Free energy of a system of hard spherocylinders serving as a simple model for liquid crystals

Abstract

The free energy for a system of hard spherocylinders with midpoints constrained to random motion in a plane, serving as a zeroth-order approximation to one layer of a smectic liquid crystal or a two-dimensional nematic liquid crystal, has been calculated for spherocylinders with a length-to-width ratio of 5. For $\rho$, the number density measured in fractions of close-packed density, less than 0.22, the partition function itself is evaluated by means of a Monte Carlo scheme employing 22 500 mesh points and 82 possible angles for 25 particles with periodic boundary conditions.

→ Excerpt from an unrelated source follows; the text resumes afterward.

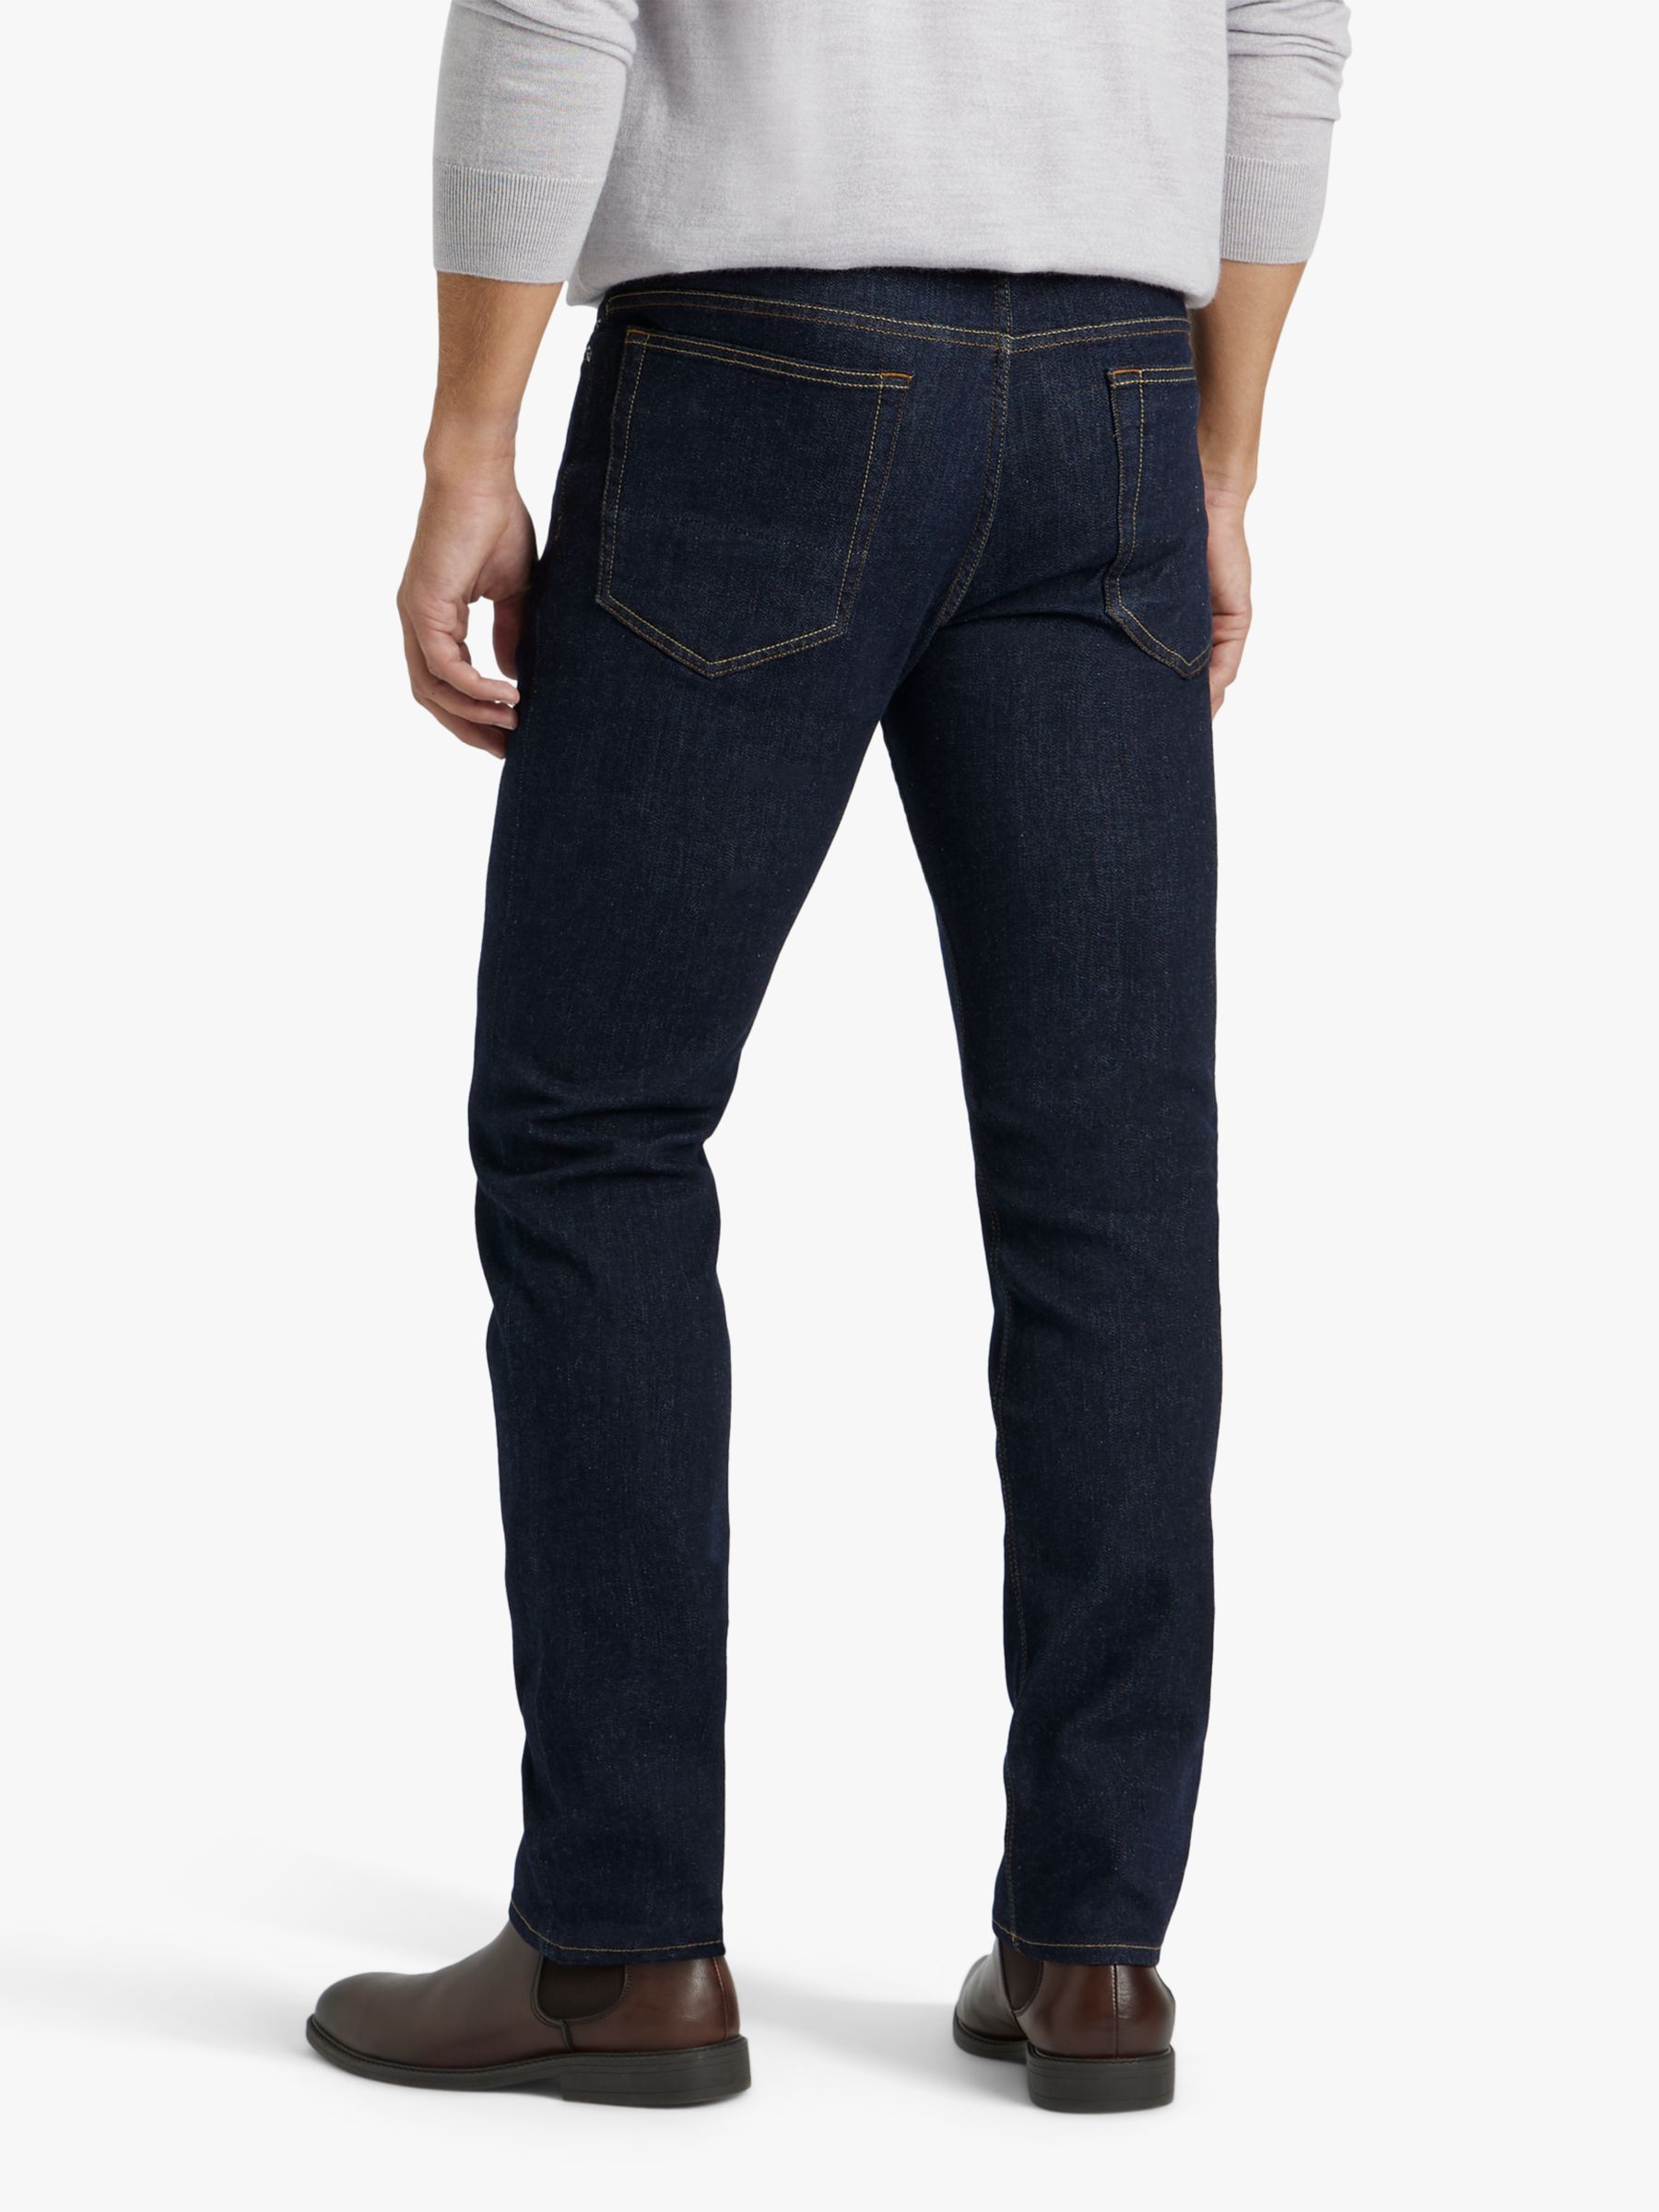 SPOKE 10oz Travel Denim Regular Thigh Jeans, Rinse at John Lewis & Partners

For all $\rho$ the liquid-crystal free energy is calculated by minimizing a function of the hard-disk free energy plus the orientational free energy of a "liquid crystal." The low-density Monte Carlo free energy is found to lie below the liquid-crystal free energy, but can be extrapolated to cross it at $\rho =0.23\mathrm{}\pm 0.01$. Maxwell construction yields a phase-change region for $0.19\pm 0.01<\mathrm{}\rho <0.29\mathrm{}\pm 0.01$. A spline polynominal fit to the entire free energy, which interpolates across the phase-change region, does not give strictly constant pressure, but does imply a phase-change region of $0.20\pm 0.01<\mathrm{}\rho <0.30\mathrm{}\pm 0.01$ with $\frac{P{A}^{\prime }}{\mathrm{NkT}}=1.38\mathrm{}\pm 0.03, A^{\prime }$ being the cross-sectional area of a close-packed system of $N$ rods.